Small Object Detection by DETR via Information Augmentation and Adaptive Feature Fusion

The main challenge for small object detection algorithms is to ensure accuracy while pursuing real-time performance. The RT-DETR model performs well in real-time object detection, but performs poorly in small object detection accuracy. In order to compensate for the shortcomings of the RT-DETR model in small object detection, two key improvements are proposed in this study. Firstly, The RT-DETR utilises a Transformer that receives input solely from the final layer of Backbone features. This means that the Transformer's input only receives semantic information from the highest level of abstraction in the Deep Network, and ignores detailed information such as edges, texture or color gradients that are critical to the location of small objects at lower levels of abstraction. Including only deep features can introduce additional background noise. This can have a negative impact on the accuracy of small object detection. To address this issue, we propose the fine-grained path augmentation method.
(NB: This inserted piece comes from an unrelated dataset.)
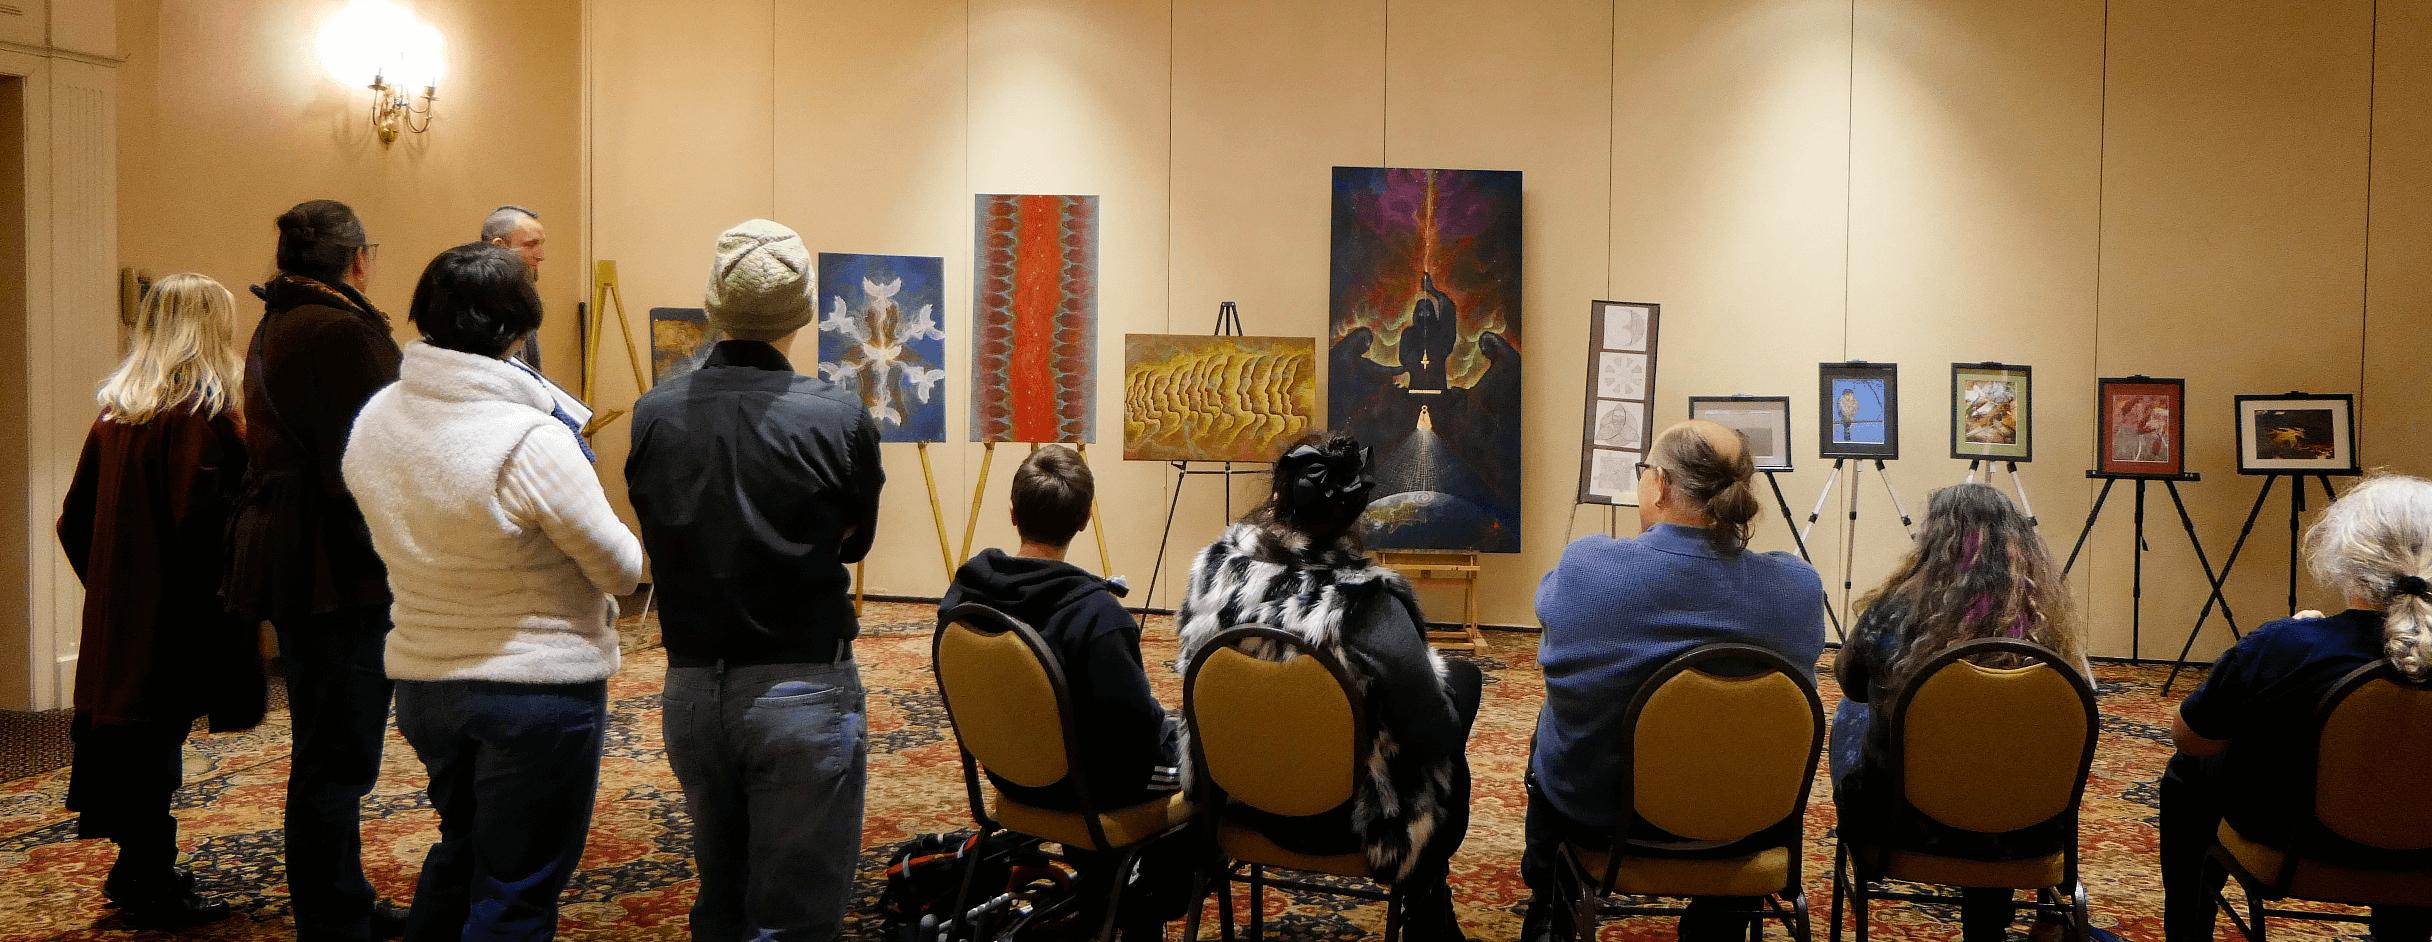 A Feast of Lights Art Salon

This method helps to locate small objects more accurately by providing detailed information to the deep network. So, the input to the transformer contains both semantic and detailed information. Secondly, In RT-DETR, the decoder takes feature maps of different levels as input after concatenating them with equal weight. However, this operation is not effective in dealing with the complex relationship of multi-scale information captured by feature maps of different sizes. Therefore, we propose an adaptive feature fusion algorithm that assigns learnable parameters to each feature map from different levels. This allows the model to adaptively fuse feature maps from different levels and effectively integrate feature information from different scales. This enhances the model's ability to capture object features at different scales, thereby improving the accuracy of detecting small objects.

翻译：小目标检测算法的主要挑战在于在追求实时性能的同时保证检测精度。RT-DETR模型在实时目标检测方面表现优异，但在小目标检测精度方面存在不足。为弥补RT-DETR模型在小目标检测中的缺陷，本研究提出两项关键改进。首先，RT-DETR采用的Transformer仅接收Backbone最后一层特征作为输入，这意味着Transformer输入仅包含深度网络最高抽象级别的语义信息，而忽略了边缘、纹理或颜色梯度等对低层抽象中小目标定位至关重要的细节信息。仅包含深层特征可能引入额外背景噪声，对小目标检测精度产生负面影响。针对此问题，我们提出细粒度路径增强方法，通过向深度网络提供细节信息，更精确地定位小目标，使Transformer输入同时包含语义信息与细节信息。其次，在RT-DETR中，解码器将不同层级特征图以等权重拼接后作为输入，但该操作难以有效处理不同尺寸特征图所捕获的多尺度信息间的复杂关系。因此，我们提出自适应特征融合算法，为来自不同层级的每个特征图分配可学习参数，使模型能够自适应融合不同层级特征图，有效整合不同尺度的特征信息。此举增强了模型捕获不同尺度目标特征的能力，从而提升小目标检测精度。